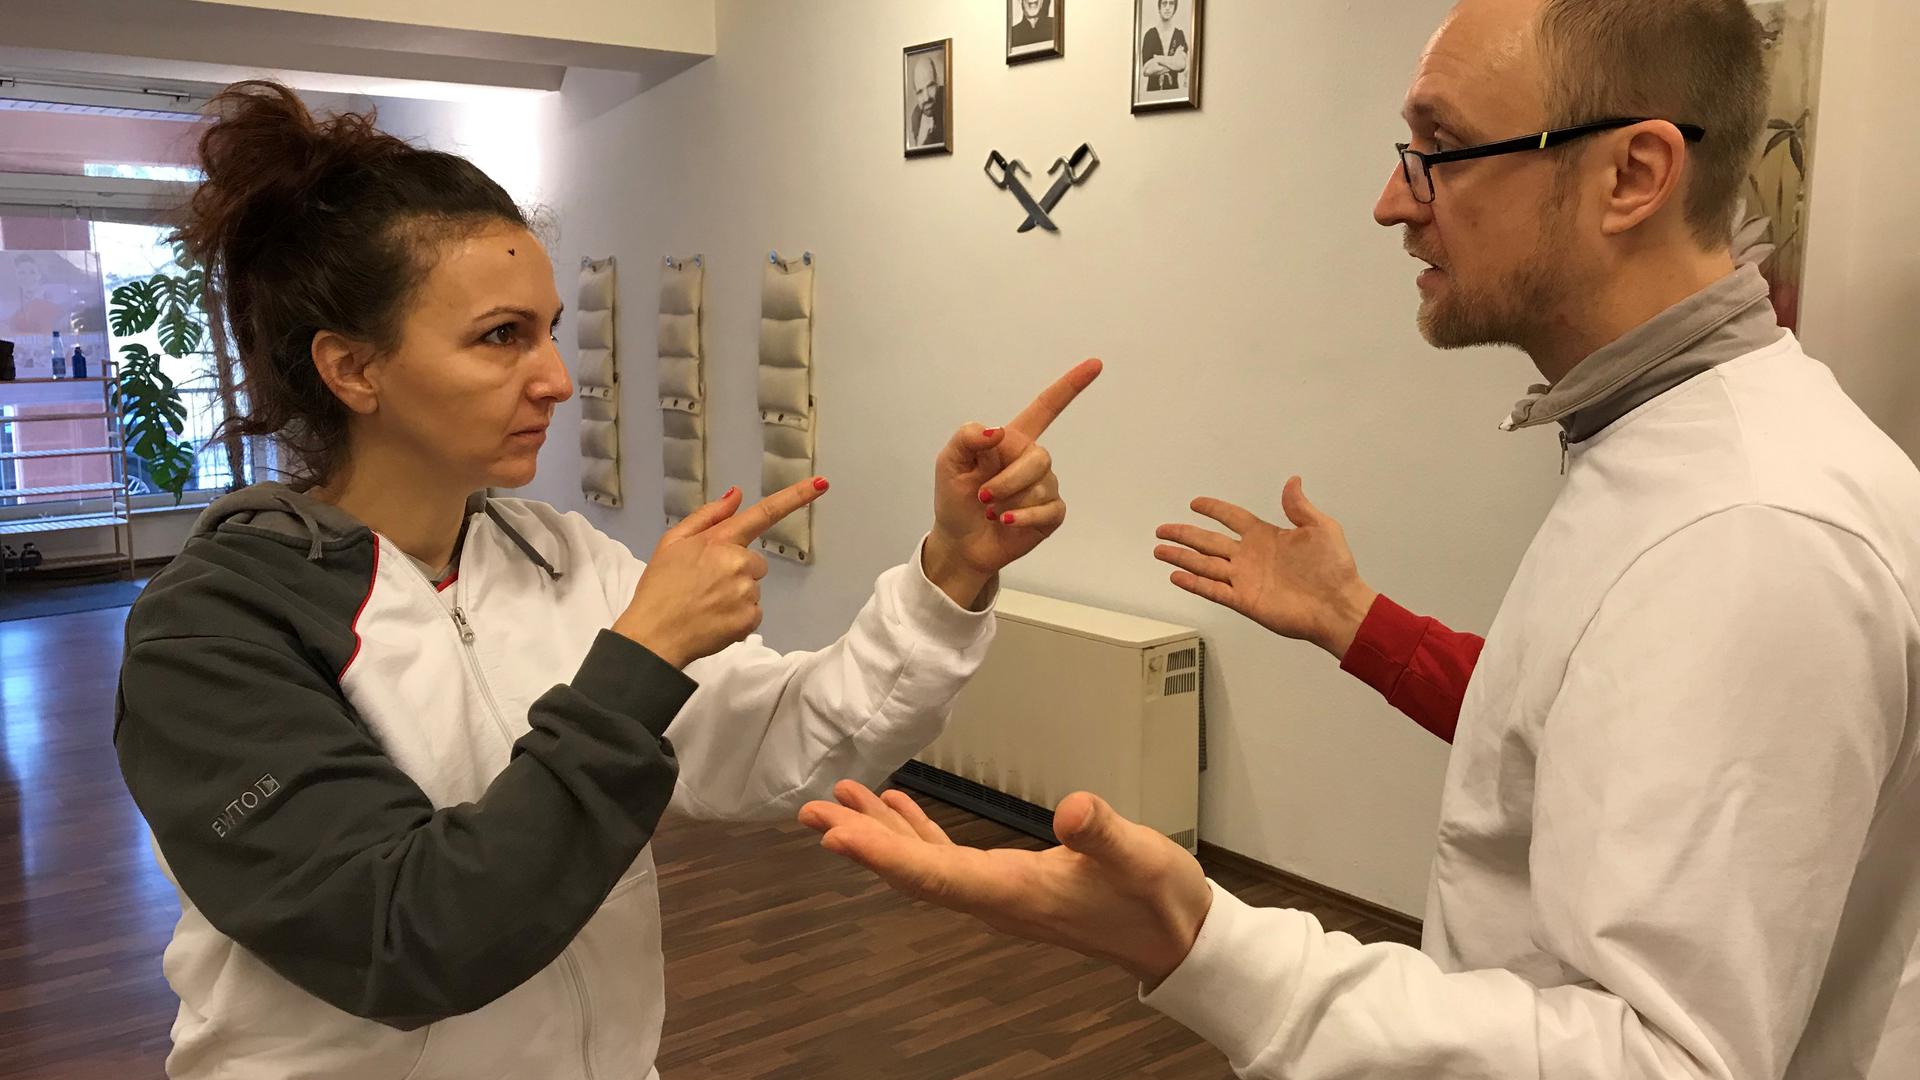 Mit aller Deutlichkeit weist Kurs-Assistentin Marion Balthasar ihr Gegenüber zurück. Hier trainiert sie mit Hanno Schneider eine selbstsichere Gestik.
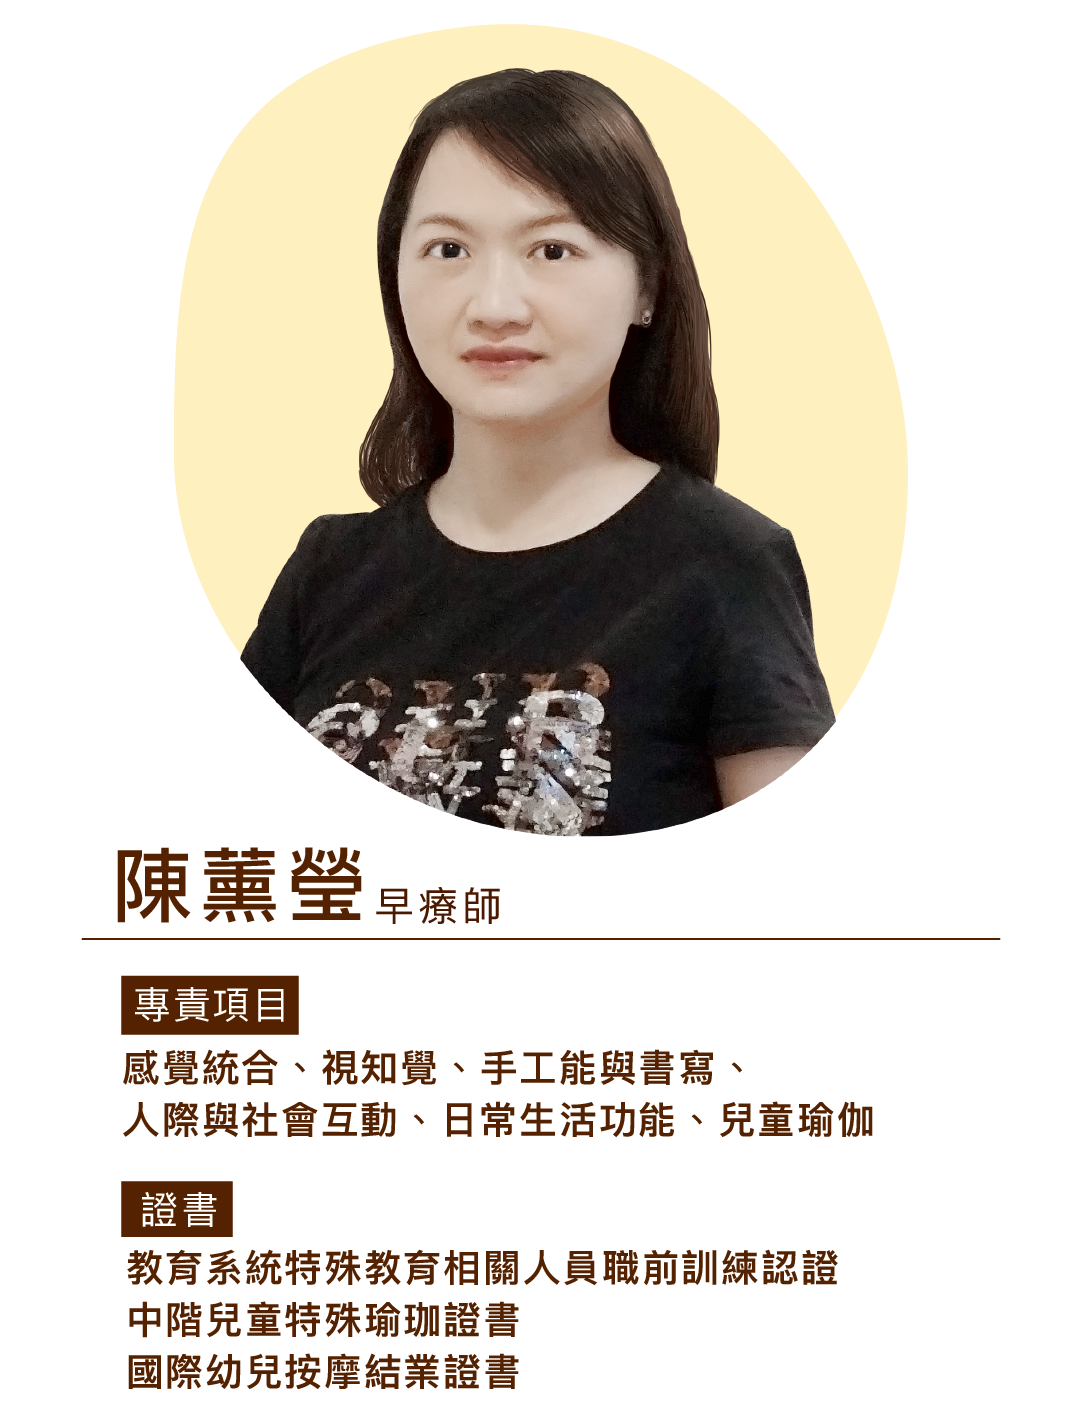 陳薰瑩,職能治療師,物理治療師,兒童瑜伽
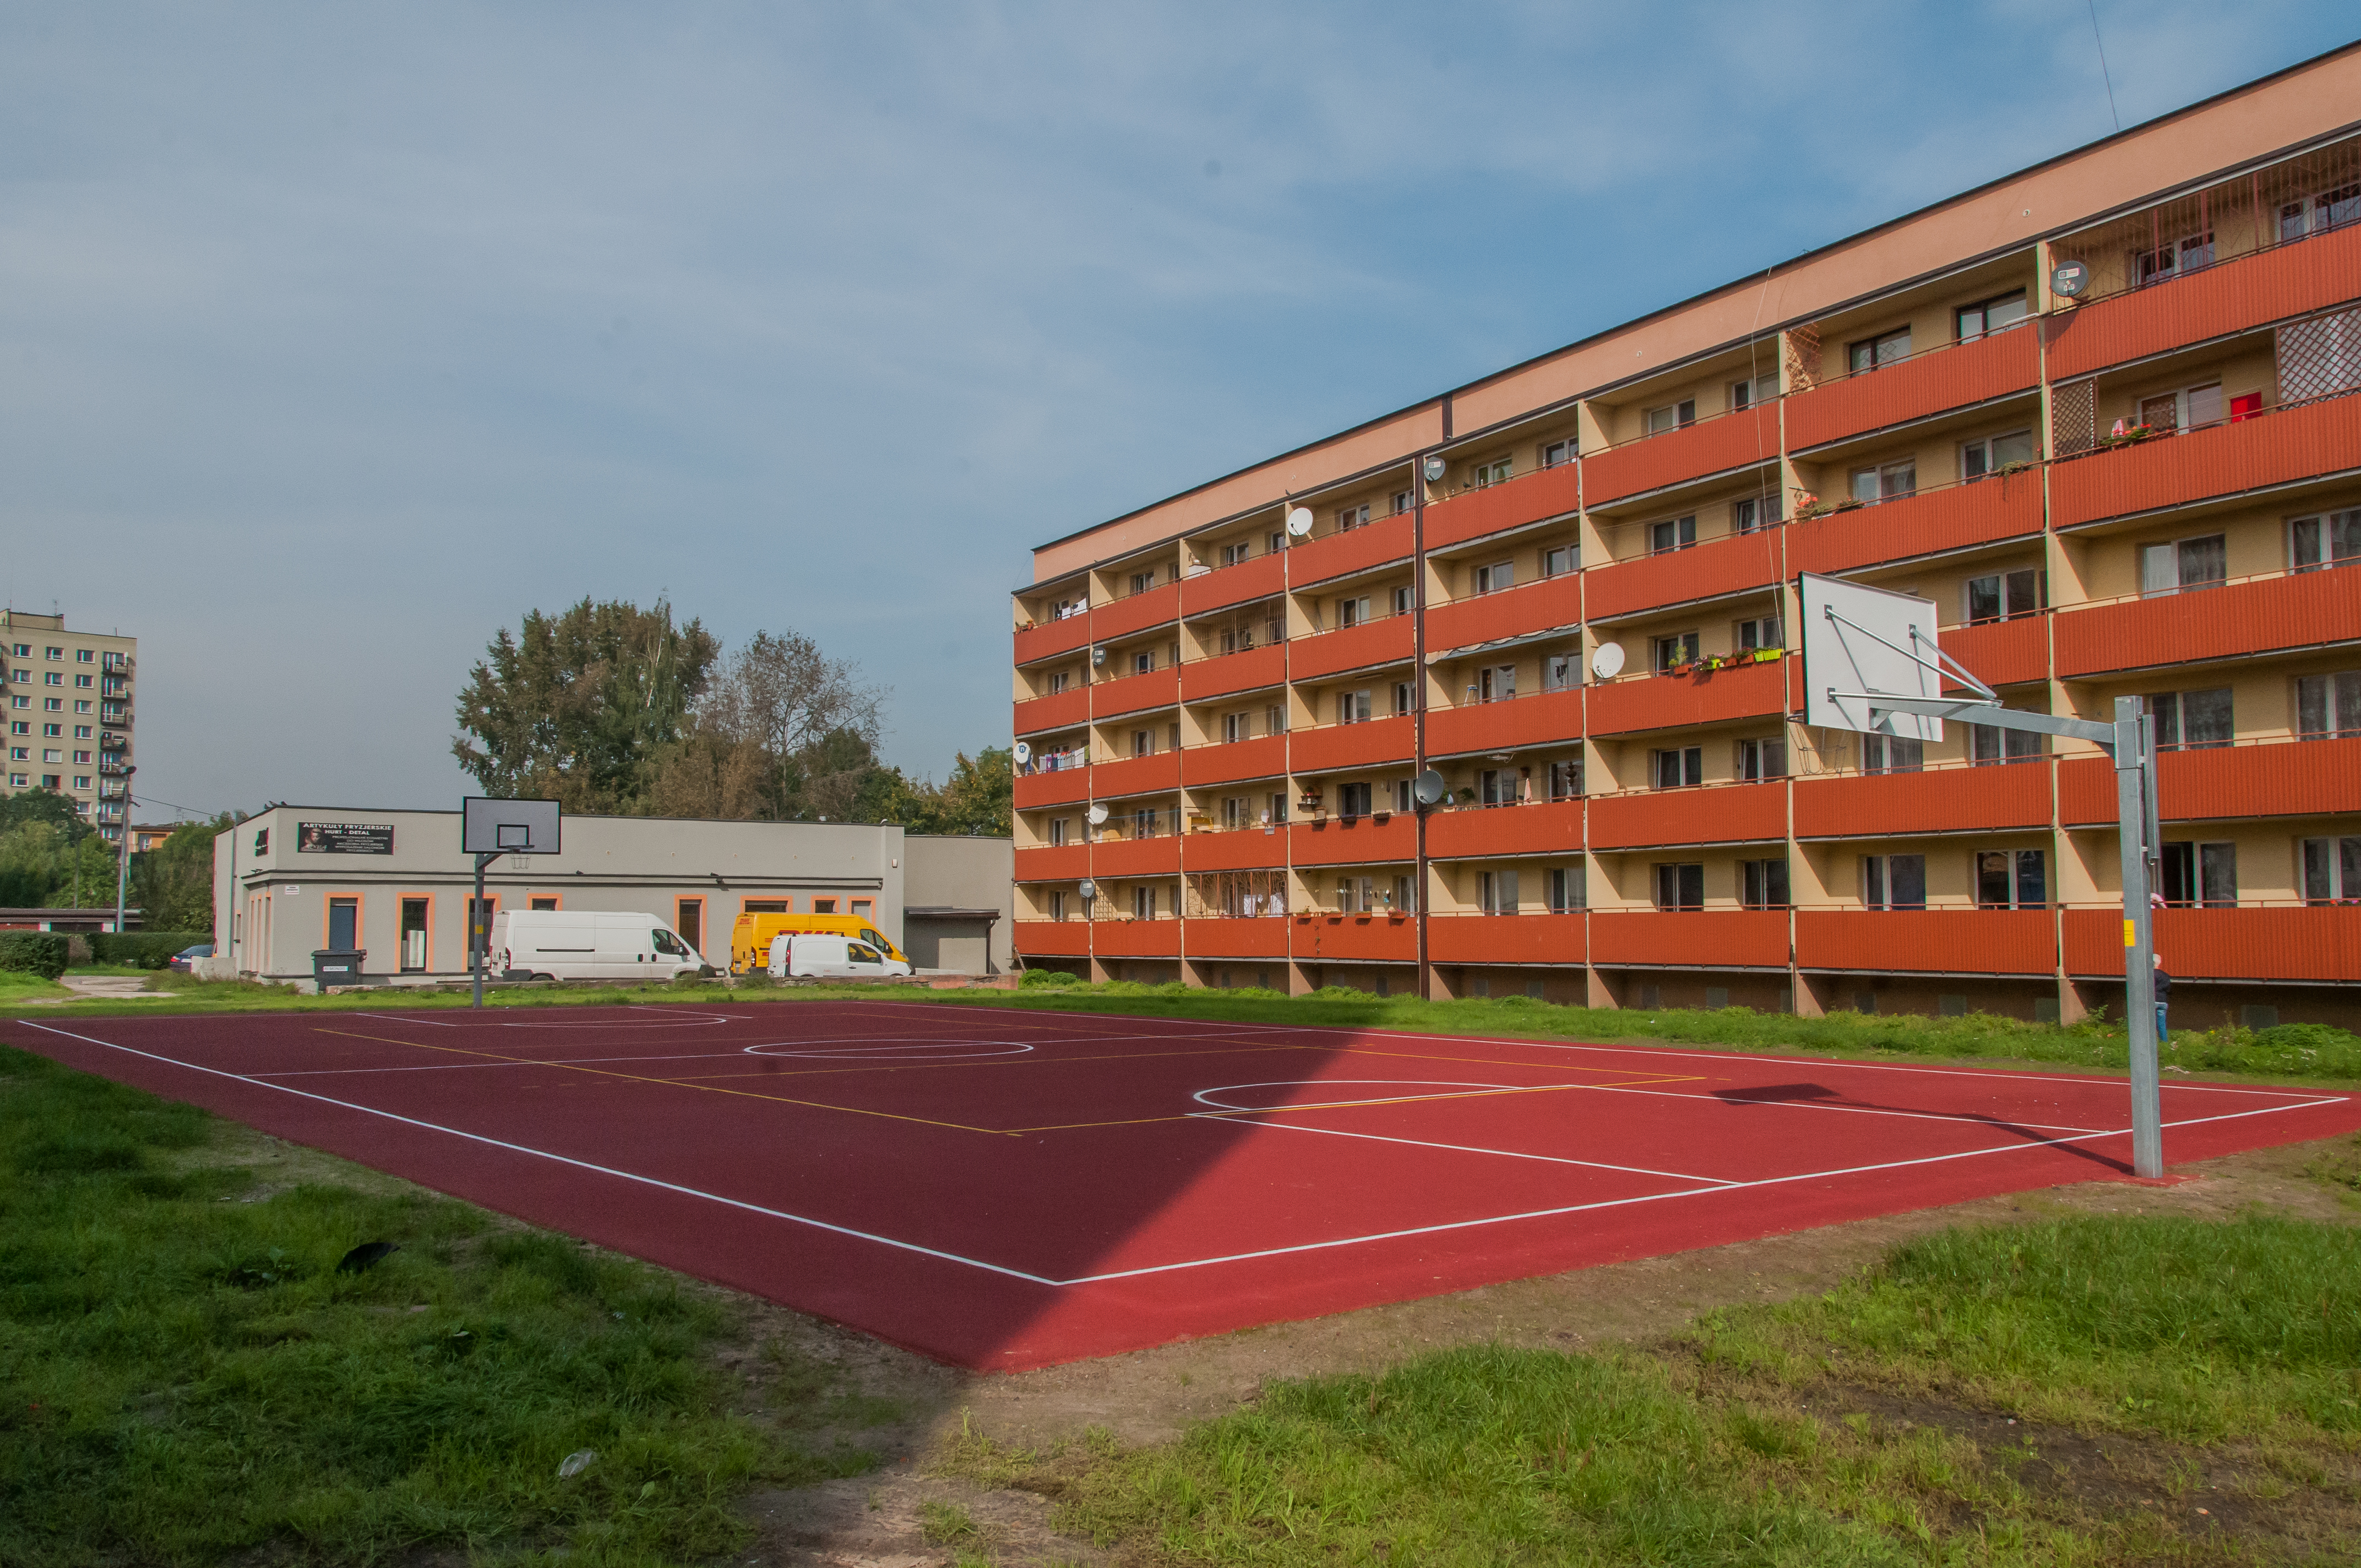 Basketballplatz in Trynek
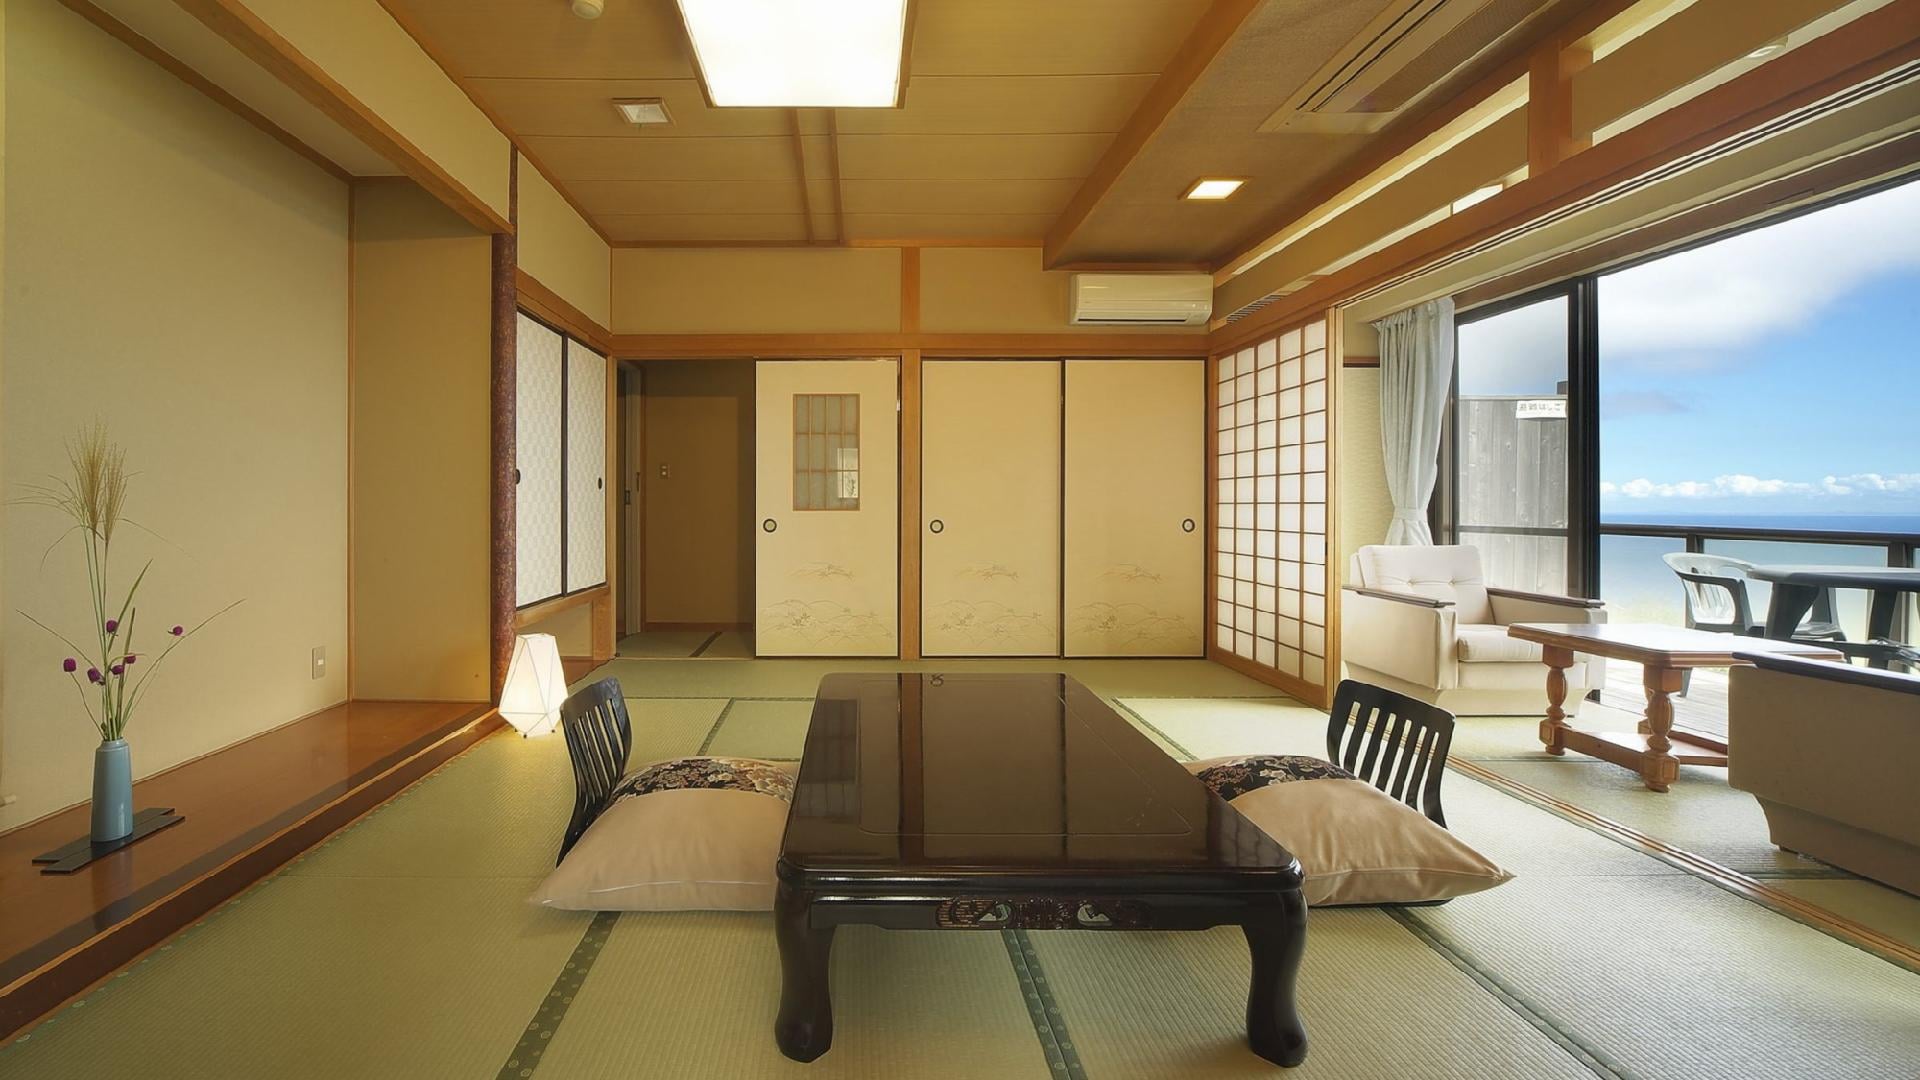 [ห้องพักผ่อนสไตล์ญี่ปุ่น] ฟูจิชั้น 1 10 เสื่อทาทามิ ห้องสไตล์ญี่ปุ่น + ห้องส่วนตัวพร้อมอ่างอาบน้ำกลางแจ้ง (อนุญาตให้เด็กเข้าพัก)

=====

> [Exercise instructions]
Pictures are to be left out; the listing above is otherwise to be copied exactly.

> [Task response]
 Mit aller Deutlichkeit weist Kurs-Assistentin Marion Balthasar ihr Gegenüber zurück. Hier trainiert sie mit Hanno Schneider eine selbstsichere Gestik.
 陳薰瑩,職能治療師,物理治療師,兒童瑜伽
 Basketballplatz in Trynek
 [ห้องพักผ่อนสไตล์ญี่ปุ่น] ฟูจิชั้น 1 10 เสื่อทาทามิ ห้องสไตล์ญี่ปุ่น + ห้องส่วนตัวพร้อมอ่างอาบน้ำกลางแจ้ง (อนุญาตให้เด็กเข้าพัก)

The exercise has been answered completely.